Paul suggested that Crosetti return to the inn and ask if March
would consent to an inspection of these papers; he could stay at one of the perfectly adequate hotels. March was not averse to this plan, and we left Crosetti there with him. I was relieved, for I’d been finding the man ever more annoying. I mentioned this to Paul as Brown drove us away from the pub and he asked me why that was, since Crosetti struck him as mild enough. He’d hardly said a word in the car during the journey north.
“I don’t like him,” I said. “A typical poseur from the outer boroughs. A
screenwriter
, for God’s sake! Completely untrustworthy. I can’t imagine what I was thinking when I invited him along.”
“You should pay attention to the people who irritate you,” said Paul.
“What’s that supposed to mean?”
“Oh, I think you know,” he said in that irritatingly confident tone he sometimes has, like a voice from the clouds.
“I
don’t
know. I would have said if I knew, or have you been vouchsafed the power to read minds?”
“Hm. Can you think of another poseur from the outer boroughs, this one an actor rather than a screenwriter? But this one didn’t have a family as happy as Crosetti’s, didn’t have a loving mom, didn’t have a heroic dad—”
“What, you think I’m
jealous
of him? That I’m
like
him?”
“—who decided to play it safe and go to law school instead of taking a shot at what he really wanted to do, and he sees a kid with a warm and loving family who has the guts to follow his dreams—”

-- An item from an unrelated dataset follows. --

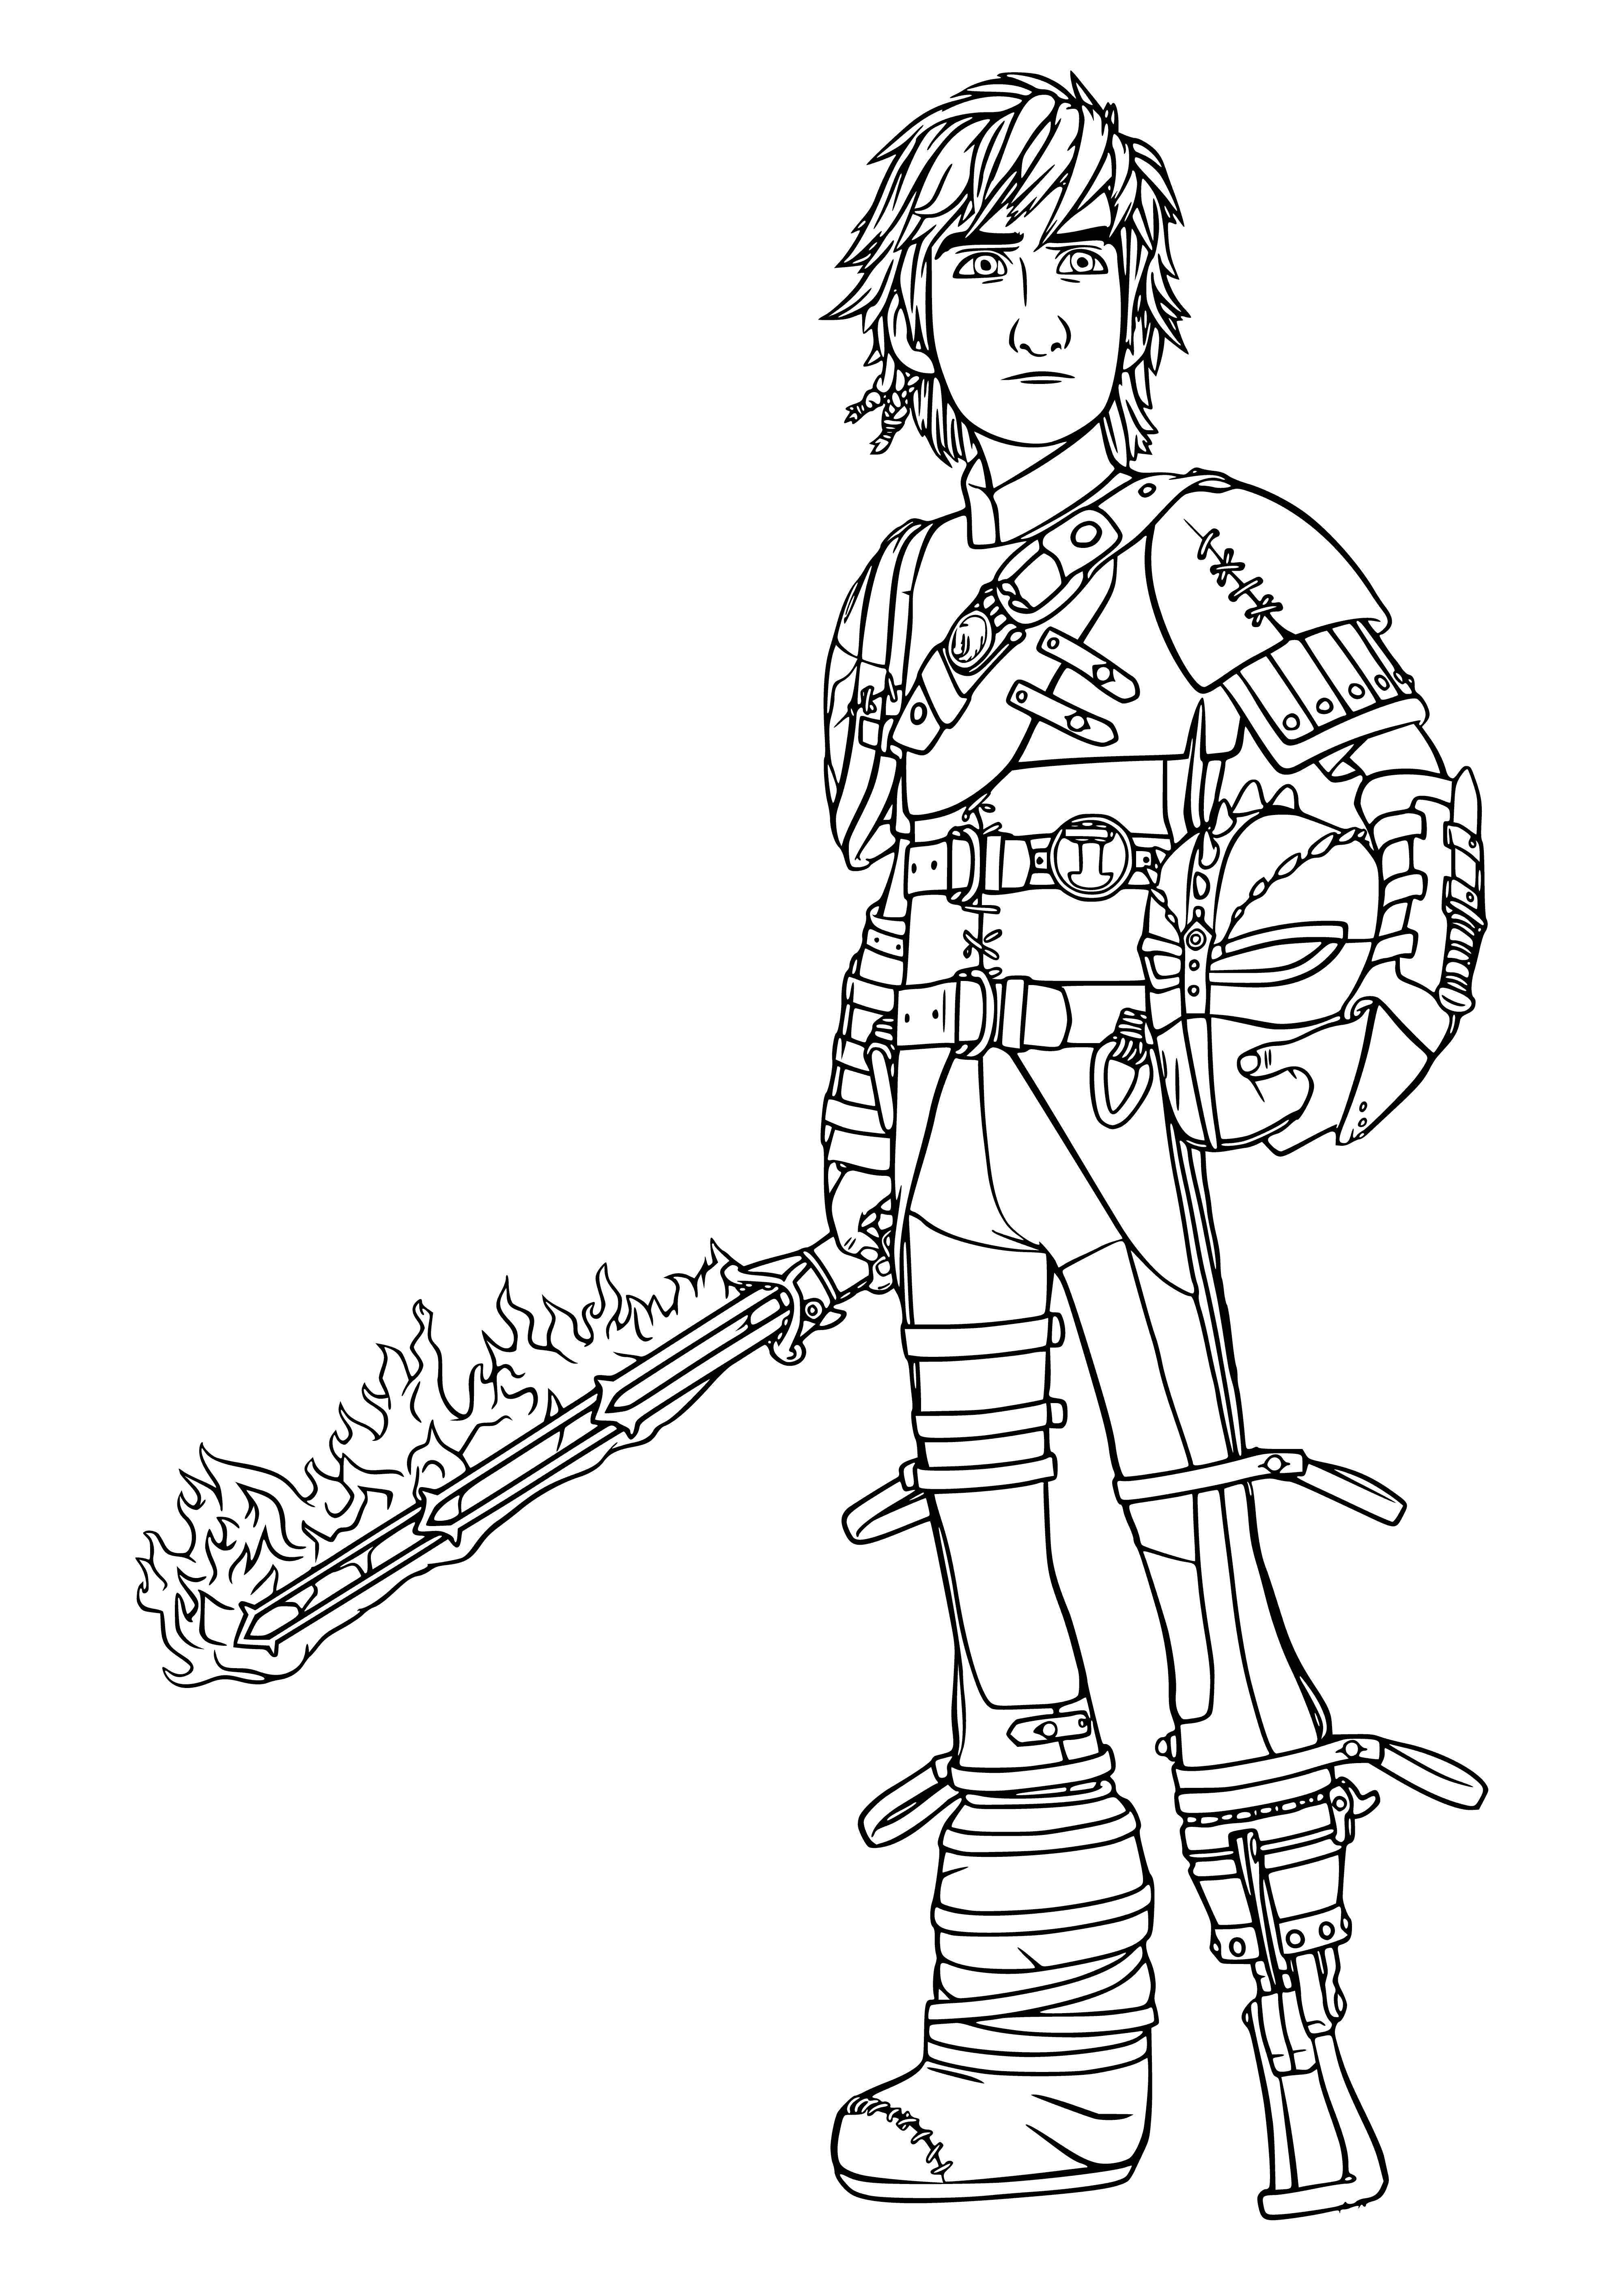 Hiccup coloring page

“That is such horseshit….”
“Not. Plus, you practically accused him of trying to seduce your wife, in fact, you encouraged him to do so. Just before you wrecked the bar in your hotel and put the bartender in the hospital.”
“I did no such thing,” I said spontaneously.
“I know you think you didn’t, but you really did. Have you ever had blackouts like that before?”
“Oh, thank you! I’m sure you have an AA group in your church basement that I’d fit right into.”